REQUIRED ACTION: Scan the records for "Skirt" and copy each line that contains it.

SUPPLIED ENTRIES:

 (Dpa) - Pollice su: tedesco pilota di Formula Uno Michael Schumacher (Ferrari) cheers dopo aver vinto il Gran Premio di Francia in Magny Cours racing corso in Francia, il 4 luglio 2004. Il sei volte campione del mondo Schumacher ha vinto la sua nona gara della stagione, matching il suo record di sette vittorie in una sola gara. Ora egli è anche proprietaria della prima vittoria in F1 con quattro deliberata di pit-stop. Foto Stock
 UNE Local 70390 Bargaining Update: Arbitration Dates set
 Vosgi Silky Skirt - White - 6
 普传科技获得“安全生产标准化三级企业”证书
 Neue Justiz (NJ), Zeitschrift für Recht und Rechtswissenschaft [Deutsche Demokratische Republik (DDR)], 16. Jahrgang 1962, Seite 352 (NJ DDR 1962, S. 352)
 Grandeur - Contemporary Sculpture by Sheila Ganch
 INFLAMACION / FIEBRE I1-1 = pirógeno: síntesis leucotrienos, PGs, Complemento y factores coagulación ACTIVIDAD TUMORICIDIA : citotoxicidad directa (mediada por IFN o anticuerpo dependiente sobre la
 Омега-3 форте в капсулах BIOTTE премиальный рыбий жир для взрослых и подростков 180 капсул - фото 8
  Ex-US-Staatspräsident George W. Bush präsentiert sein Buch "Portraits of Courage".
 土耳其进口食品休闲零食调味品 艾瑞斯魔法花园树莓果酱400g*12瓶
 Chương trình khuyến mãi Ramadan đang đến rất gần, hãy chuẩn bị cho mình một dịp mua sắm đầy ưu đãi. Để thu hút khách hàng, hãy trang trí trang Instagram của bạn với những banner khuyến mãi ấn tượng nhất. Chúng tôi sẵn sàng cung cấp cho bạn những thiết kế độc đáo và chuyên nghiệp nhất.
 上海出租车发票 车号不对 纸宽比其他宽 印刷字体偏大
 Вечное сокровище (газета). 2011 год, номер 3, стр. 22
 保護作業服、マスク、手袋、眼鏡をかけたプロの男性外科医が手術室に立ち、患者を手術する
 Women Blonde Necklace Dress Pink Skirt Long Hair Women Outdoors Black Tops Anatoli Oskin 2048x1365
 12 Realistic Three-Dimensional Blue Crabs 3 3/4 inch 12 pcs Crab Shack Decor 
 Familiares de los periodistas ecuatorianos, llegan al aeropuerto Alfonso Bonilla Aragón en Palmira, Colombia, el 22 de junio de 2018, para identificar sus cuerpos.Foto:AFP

RESULT:
 Vosgi Silky Skirt - White - 6
 Women Blonde Necklace Dress Pink Skirt Long Hair Women Outdoors Black Tops Anatoli Oskin 2048x1365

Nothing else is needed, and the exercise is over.